So u dont understand the way they got the answer

i do.
tan(theta) = opp/adj

can u explain how to do it ?

have you leaned any trig at all?

i dont belive so

i'll provide enough to get you through the question

in a right triangle tan(angle) will give you the ratio of the opposite/adjacent sides

anyone down to help me with reflections and translations

to make calculations less tedious we are going to use theta which was calculated from 90-79 = 11 degrees

what is the length of the side opposite theta?

is it just tan( 11 ) ?

tan(11) will be the ratio
but you need to know the sides involved

so which side would be opposite theta (the side that theta isn't touching)

x ?

yeh

and which side would be adjacent to theta?

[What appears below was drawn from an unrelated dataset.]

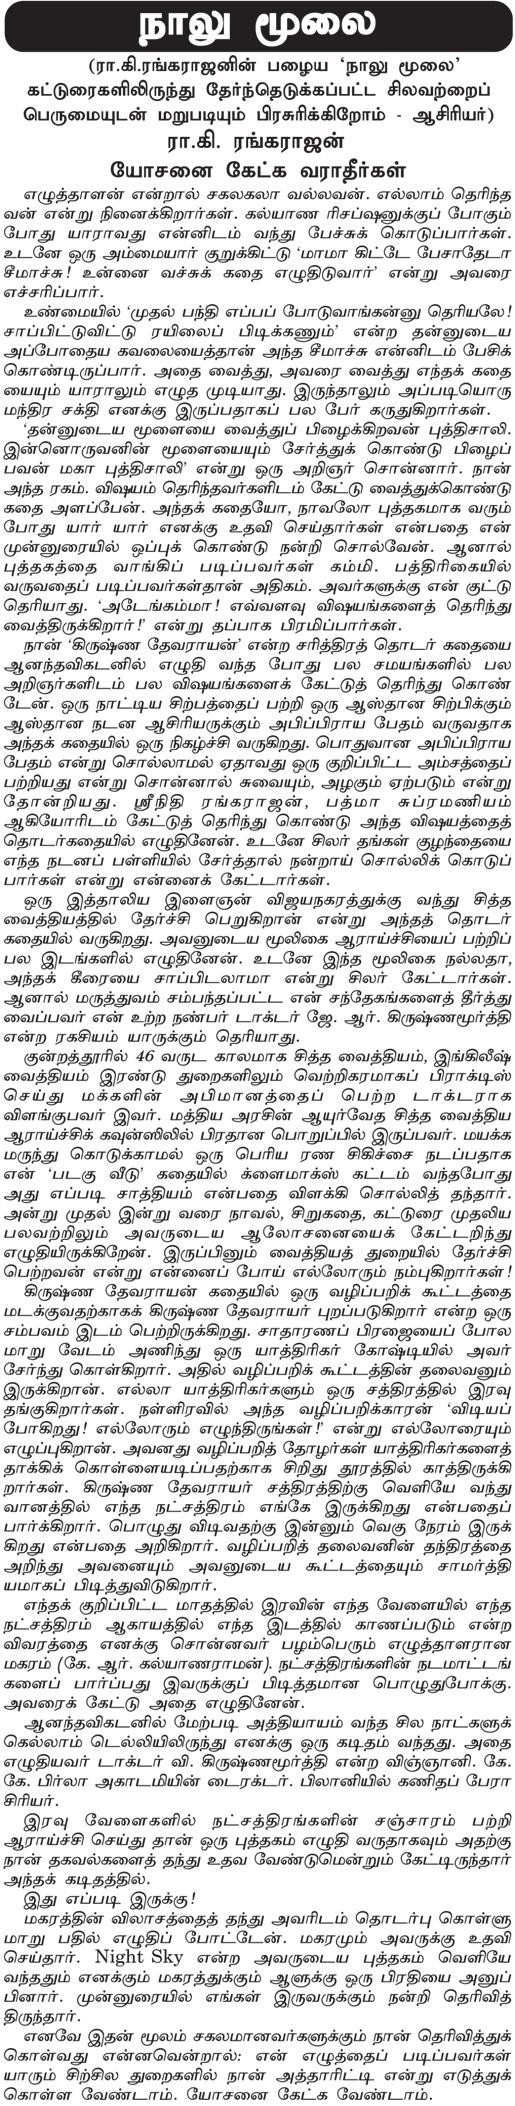 Page 4 MAMBALAM TIMES September 7-13, 2013 Sreyas Gallery to conduct exhibition of Vinayagar idols Sreyas Art Gallery (A2, 8, Bazullah Road, T.

(the side that theta is touching that isn't the hypotenuse)

O ok

so the 95 length side

yeh

so what would the ratio be for tan(11 deg)

x/95 ?

yep

so tan(11) = x/95 ?

yeh

and then solve for x and use a calculator

hmm, it seems they rounded incorrectly

,w tan 11

,w cot 11

theyre right

for some reason tan(11) *95 is -21465 on my calcuator

/95??

uhm convert to degrees

||18.466... rounds to 18.47 not 18.46||

tan 11 radians is -225

um do u know how to change that is it in mode ?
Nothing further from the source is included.